Установили, воспаление сетчатой оболочки глаза. Перенапрягся. Нервные
стрессы... Он принялся наливать мне коньяк и стал лить мимо рюмки. Я взял у
него бутылку. Он попросил виноватым голосом: -- Налей мне тоже. Справим по
хирургу Якову Гуру поминки. Не встревай, жена! Поминки дело тихое...
Я объехал всех Гуров. Наум просил меня вернуться. Убеждал, что в
Америке я не уживусь. Да и как ужиться? -- Понимаешь, Гриш, американцы --
рабовладельцы. Раньше у них рабы были черные, теперь -- зеленые.
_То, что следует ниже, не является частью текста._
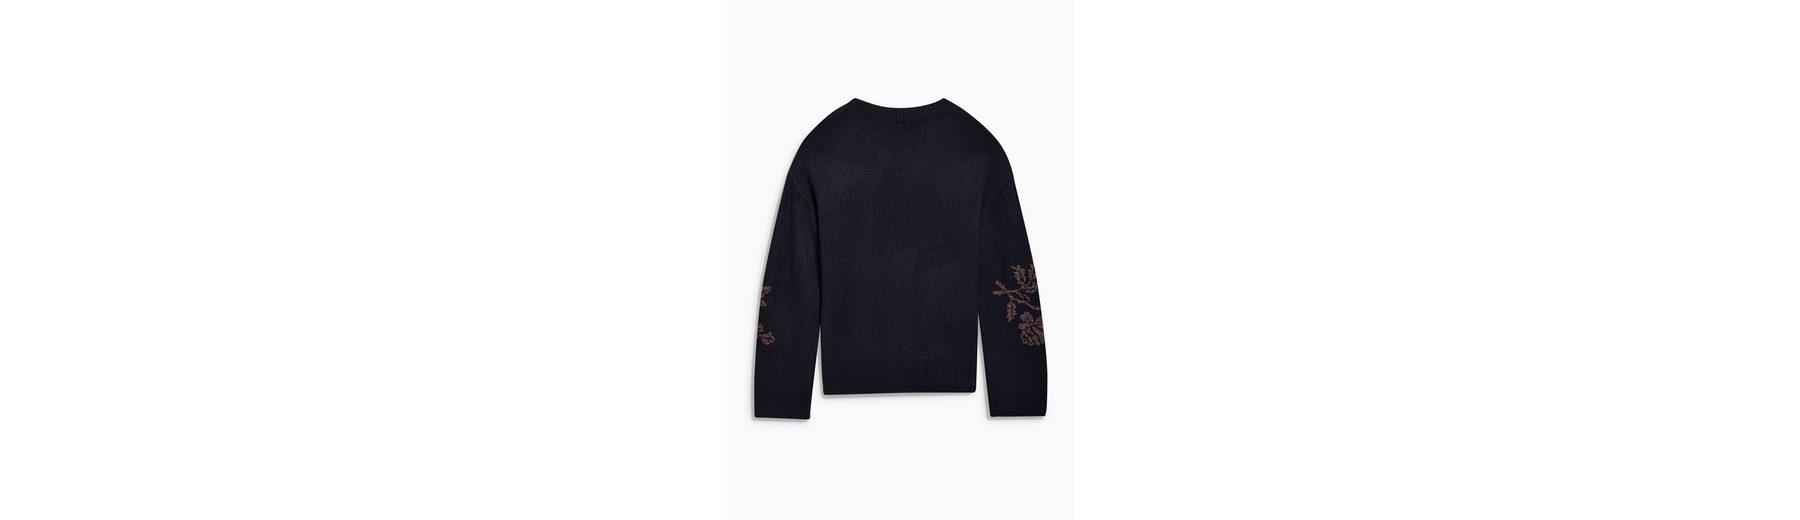 Next Pullover mit Stickerei Spielraum Veröffentlichungstermine Factory Outlet Günstig Online Rn9dm1qlEo

Рассказал,
что работал в Штатах, рядом с ним, югослав. Хороший инженер, на такой же
позиции, как и он. Ему, Науму, как и остальным американцам на подобных
должностях, платили шестьдесят тысяч в год. А югославу -- пятнадцать.
Спросил он, Наум, у босса, почему такая несправедливость? -- Так он же
зеленый! -- воскликнул босс. -- В Америке без году неделя, и десяти лет нет.
-- А я? -- Ты -- гость. Прилетел-улетел, а югослав -- иммигрант. Я ж тебе
сказал -- зе-ле-ный!
Очень просил Наум, чтоб не остался в Америке. -- ...Они рабовладельцы,
-- кричал он, когда я садился в машину. -- Как были, так и остались!..
Дова я отыскал в его комбинате. Он стеклил крышу. От застывающих в
формах бетонных панелей подымался белый парок, духотища. Спустился ко мне,
буркнул со свойственной Гурам определенностью: -- Гриша, если зацепишься
там, молись! В Израиле выживает кто? Кто с нашим еб...ным правительством
шары-вары крутит. Или как я: от ихнего "изьма" в сторонке. Своя крыша --
свои мыши. А ты кто? Ты, извини, гуманитарий, значит, навсегда подмогильный.
На крючке. Так что, если зацепишься... -- И он сунул мне свою жесткую, как
коряга, и почти черную руку.
Геула и Сергей не отвечали. Я звонил, стучал кулаком в дверь. Никого.
Заехал к ним раз, другой. Наконец в день отлета. Стучал в дверь так долго,
что из соседней квартиры вышла соседка-марокканка.
-- Они уехали, -- буркнула она мрачно. -- Навсегда уехали!.. Третий
день, как уехали!
-- Кто? -- воскликнул я оторопело. -- Геула?! Сергей?! Этого не может
быть! Геула сидела за Израиль в тюрьме!
-- Уехали, говорю! Все русские бегут. Вот и они...

    9. 2,000 ЛИР


Я был так ошеломлен, что, отыскав телефонную будку, набрал номер Лии.
Услышав ее тихий голос, сообразил, что новость может оказаться для нее
роковой: она только что поднялась после второго инфаркта. Нажав на рычажок,
позвонил Дову. Не знаю, рулил он на своей "пожарке" или летел, но через
полчаса он подъехал к дому Геулы. Дернул дверь квартиры на себя, она
открылась безо всяких ключей. На пустом столе белела записка.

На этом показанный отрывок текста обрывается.